---------- Records provided
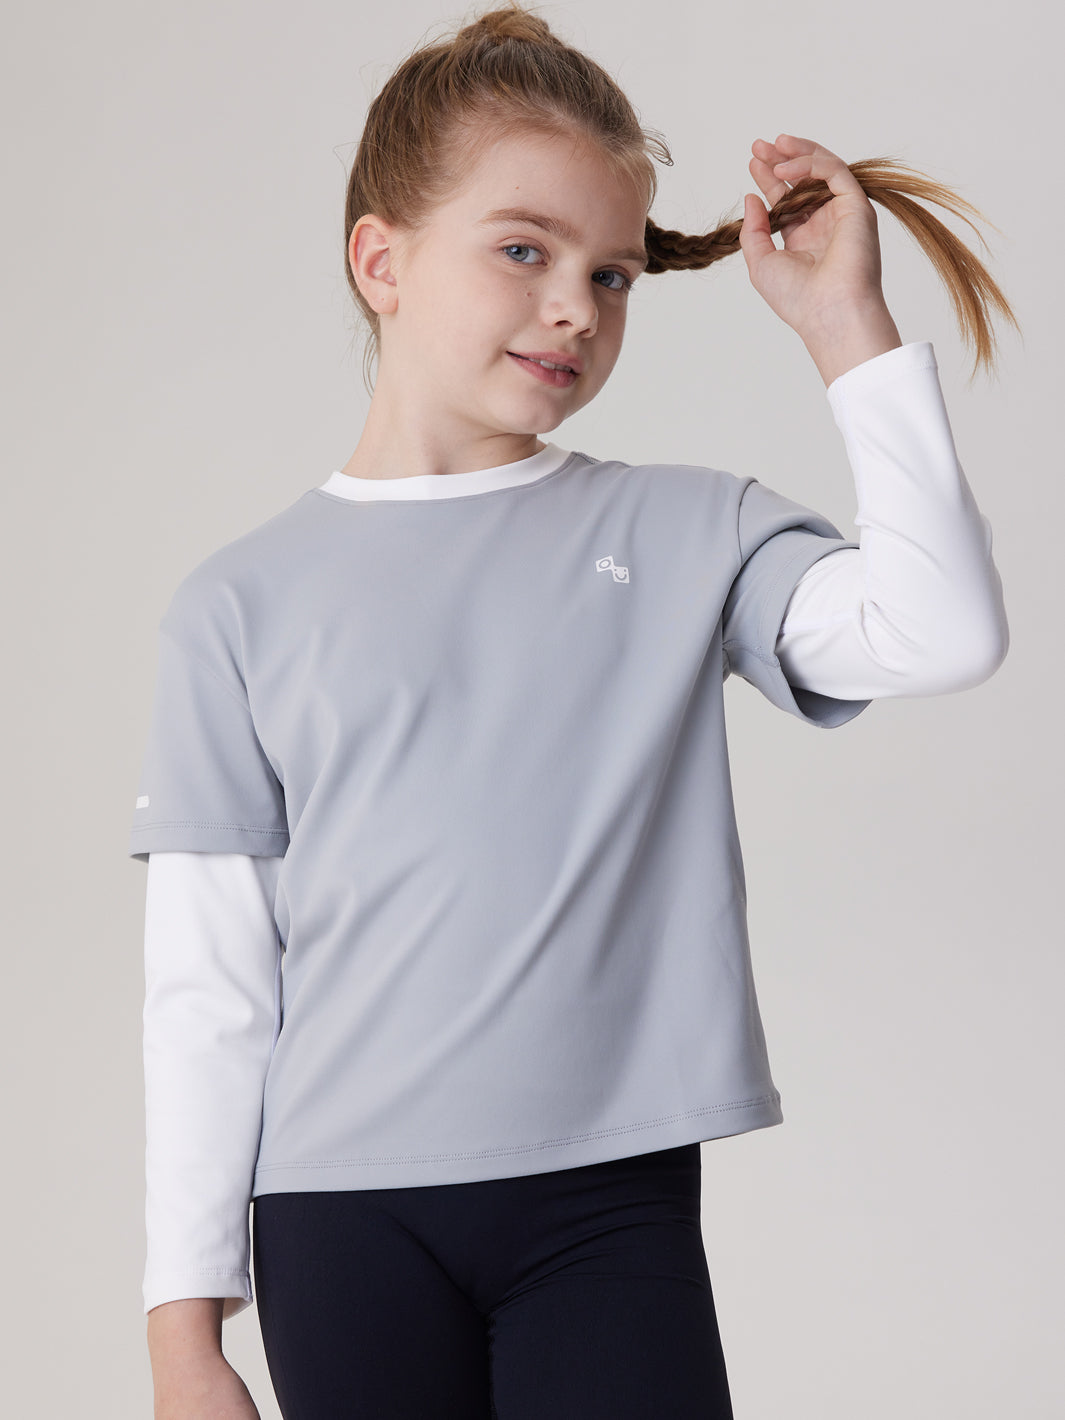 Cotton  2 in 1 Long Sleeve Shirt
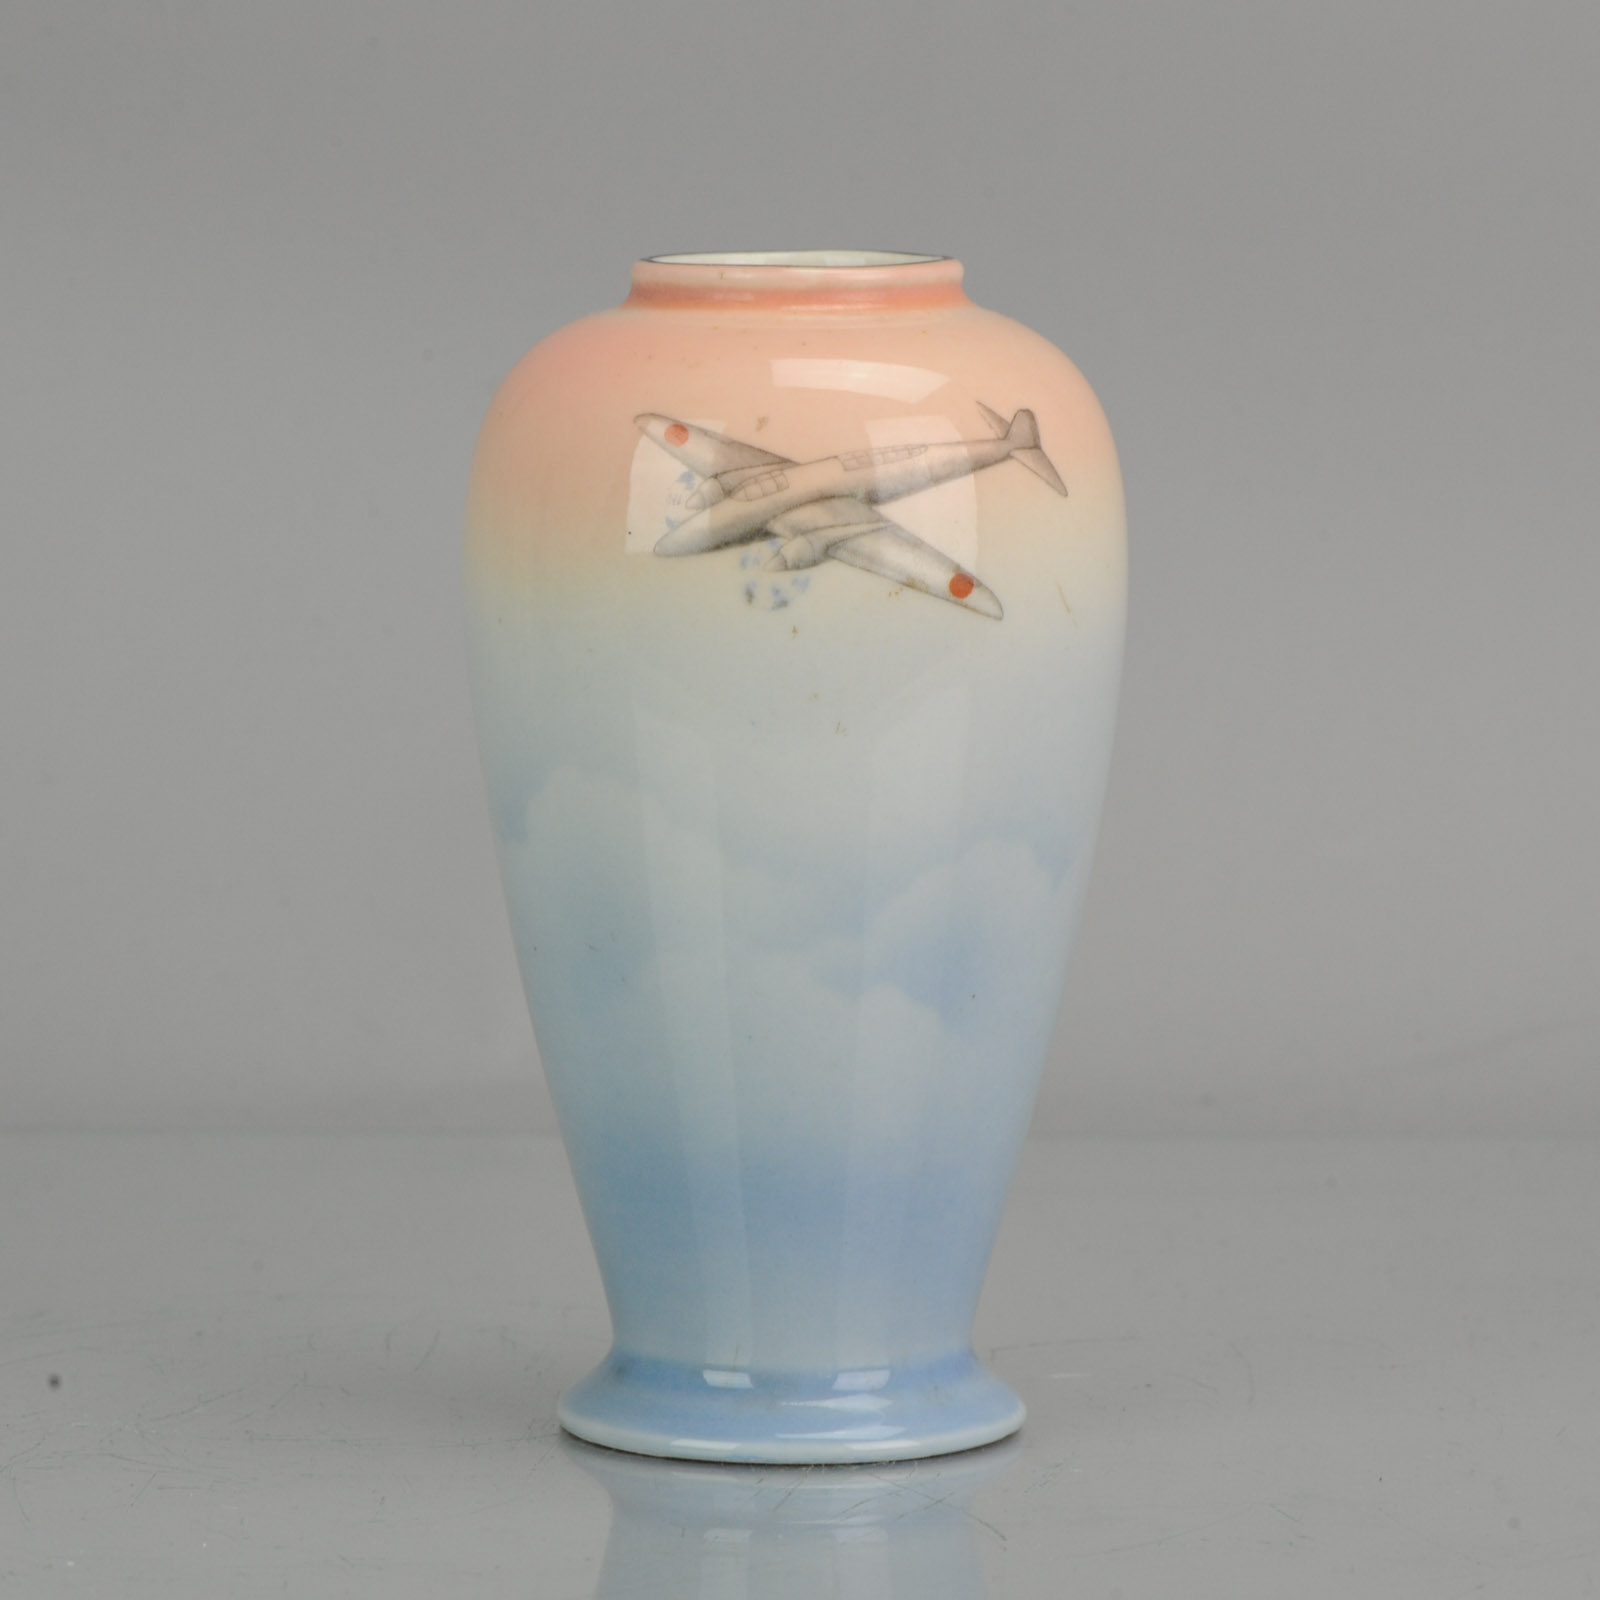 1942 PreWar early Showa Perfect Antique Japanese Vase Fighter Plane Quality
--------------------
---------- Records provided
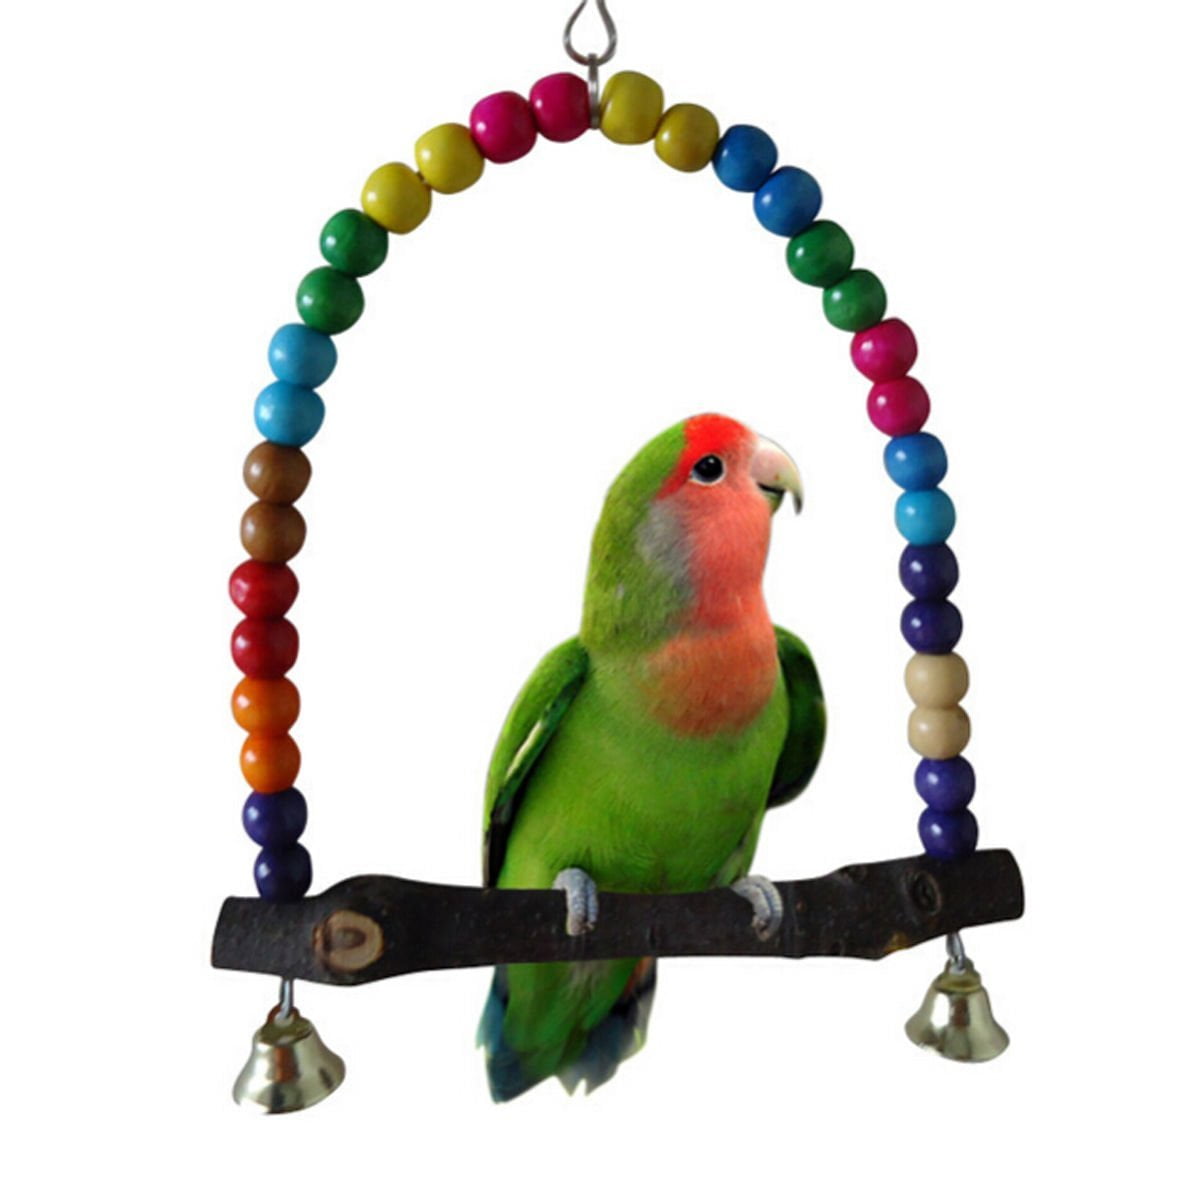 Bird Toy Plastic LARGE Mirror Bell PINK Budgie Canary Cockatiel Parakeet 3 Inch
--------------------
## What you have to do
From the material above, give again exactly the lines from the one that contains "Long Sleeve Shirt" through the one that contains "1942 PreWar early", and leave out the pictures.

## Output of the task
 Cotton  2 in 1 Long Sleeve Shirt
 1942 PreWar early Showa Perfect Antique Japanese Vase Fighter Plane Quality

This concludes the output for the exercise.